A re-ranker (also called a cross-encoder) is a different beast. It takes the query AND document together as a single input, processes them jointly through the transformer, and outputs a relevance score. It's slower -- because it has to process each query-document pair separately -- but MUCH more accurate.
The pattern: retrieve top 20-50 candidates with the fast bi-encoder, then re-rank those candidates with the accurate cross-encoder, return the top 5.
from sentence_transformers import SentenceTransformer, CrossEncoder
import numpy as np
class RerankedRAG:
"""Two-stage retrieval: fast bi-encoder + accurate cross-encoder."""
def __init__(self):
self.embedder = SentenceTransformer('all-MiniLM-L6-v2')

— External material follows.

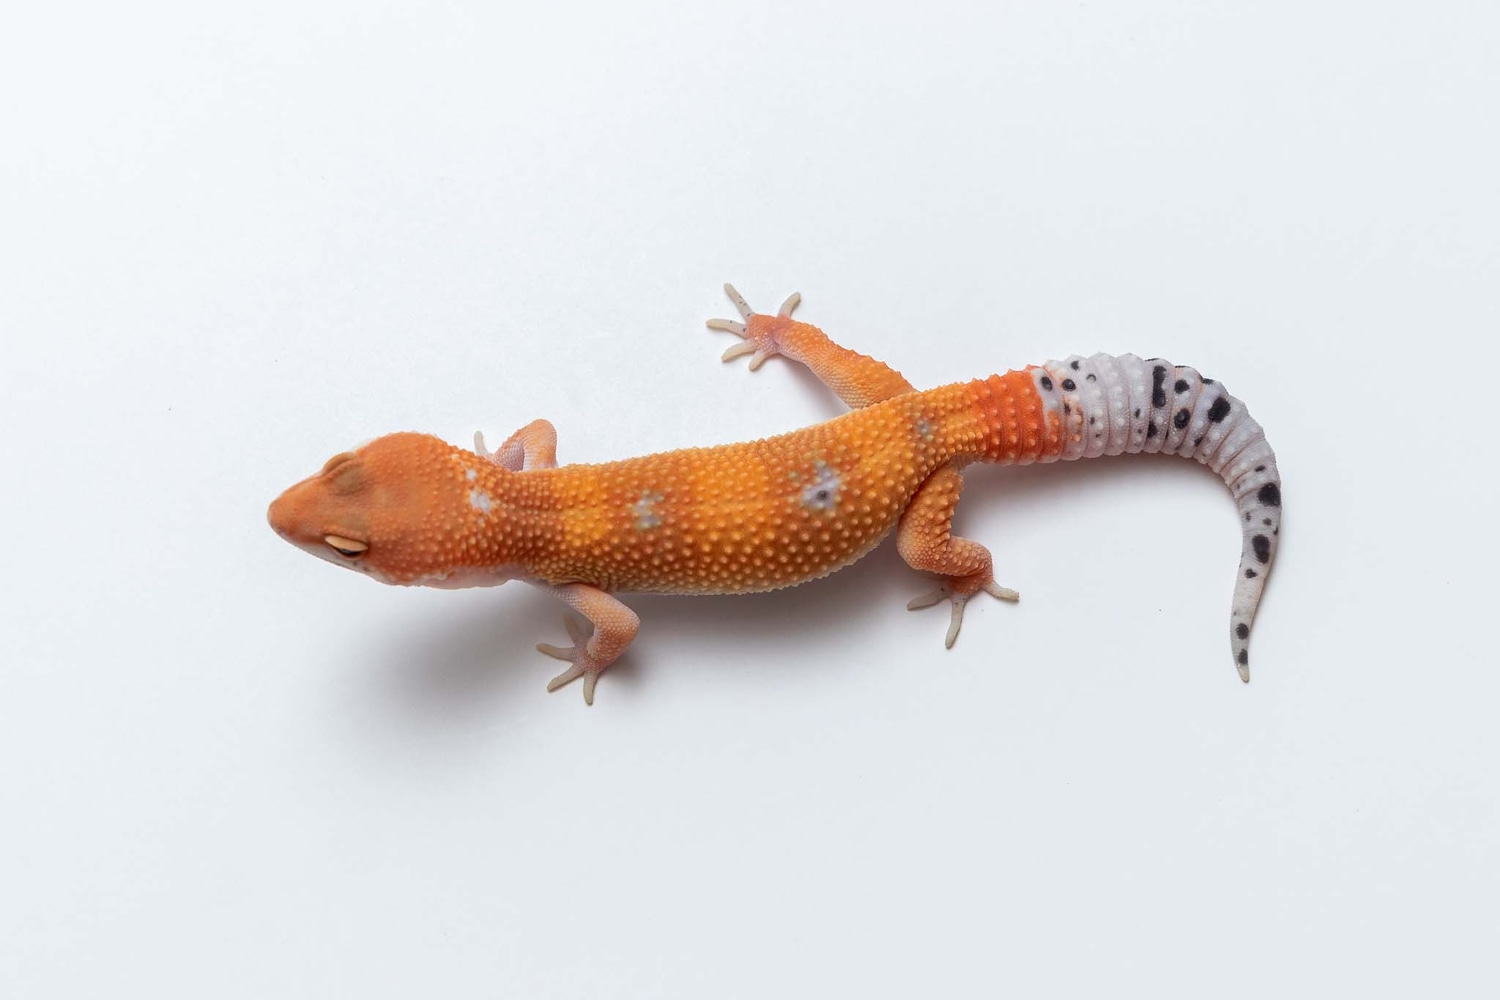 Green & Tangerine - Leopard Gecko Traits - Morphpedia
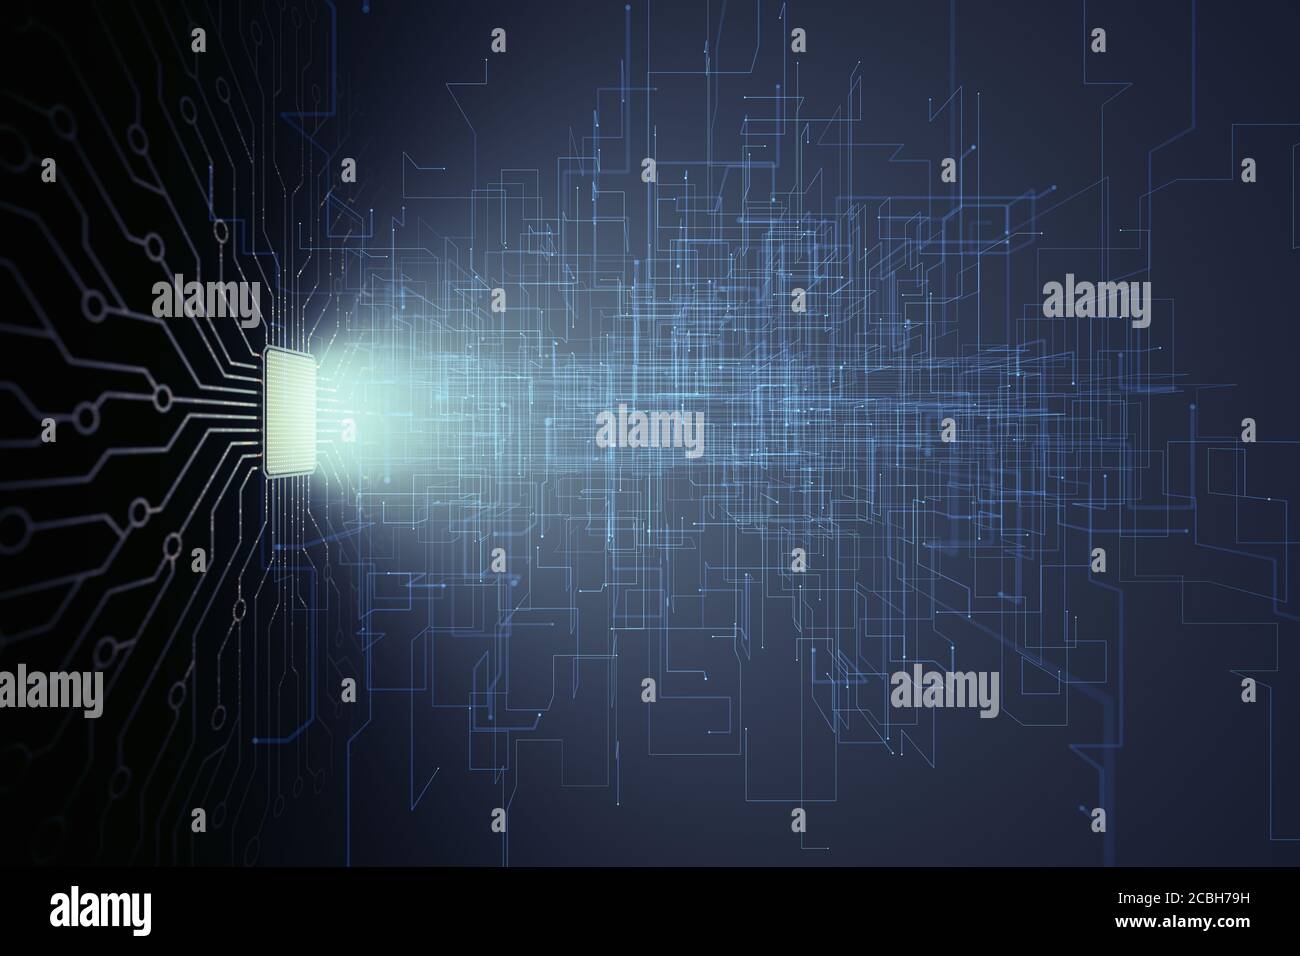 Künstliche Intelligenz, Mikrochip-Verbindungen, elektrische Impulse und binäre Codes. Stockfoto

self.reranker = CrossEncoder('cross-encoder/ms-marco-MiniLM-L-6-v2')
self.chunks = []
self.embeddings = None
def index(self, chunks):
self.chunks = chunks
self.embeddings = self.embedder.encode(
chunks, normalize_embeddings=True)
def search(self, query, initial_k=20, final_k=5):
# Stage 1: fast retrieval with bi-encoder
q_emb = self.embedder.encode(
[query], normalize_embeddings=True)
scores = (self.embeddings @ q_emb.T).flatten()
candidates_idx = np.argsort(scores)[::-1][:initial_k]
# Stage 2: re-rank candidates with cross-encoder
pairs = [(query, self.chunks[i]) for i in candidates_idx]
rerank_scores = self.reranker.predict(pairs)
# Sort by reranker score, return top final_k
ranked = sorted(
zip(candidates_idx, rerank_scores),
key=lambda x: x[1], reverse=True)
return [(self.chunks[i], float(s)) for i, s in ranked[:final_k]]
# Demonstrate where re-ranking corrects bi-encoder mistakes
rag = RerankedRAG()
rag.index([
"Python is not suitable for real-time embedded systems.",
"Python is the most popular language for data science.",
"Python is widely used in machine learning applications.",
"Python can be used for embedded systems with MicroPython.",
"Embedded systems require low-level memory control.",
"Real-time systems have strict timing constraints.",
"C and Rust are preferred for embedded programming.",
"Python's garbage collector makes it unsuitable for hard RT.",
"MicroPython runs on microcontrollers with limited resources.",
"Data science workflows benefit from Python's rich ecosystem.",
])
query = "Is Python good for embedded systems?"
print(f"Query: '{query}'\n")
# Compare: bi-encoder only vs with re-ranking
q_emb = rag.embedder.encode([query], normalize_embeddings=True)
bi_scores = (rag.embeddings @ q_emb.T).flatten()
bi_top = np.argsort(bi_scores)[::-1][:5]
print("Bi-encoder top 5:")
for rank, i in enumerate(bi_top, 1):
print(f" {rank}. [{bi_scores[i]:.3f}] {rag.chunks[i]}")
print("\nRe-ranked top 5:")
results = rag.search(query, initial_k=10, final_k=5)
for rank, (text, score) in enumerate(results, 1):
print(f" {rank}. [{score:.3f}] {text}")
Why does re-ranking help? The bi-encoder processes query and document separately -- it can't model fine-grained word interactions. "Python is not suitable for embedded systems" and "Python is widely used in machine learning" both contain "Python" and similar vocabulary. The bi-encoder might rank them similarly. The cross-encoder processes the query and document together, attending to every word interaction -- it catches the negation "not suitable" and correctly ranks it lower for a query about suitability.
The cost is latency. Re-ranking 20 candidates adds roughly 50-200ms depending on the cross-encoder model and your hardware. For most applications that's perfectly fine. For latency-critical systems, you can shrink the candidate pool or use a smaller cross-encoder.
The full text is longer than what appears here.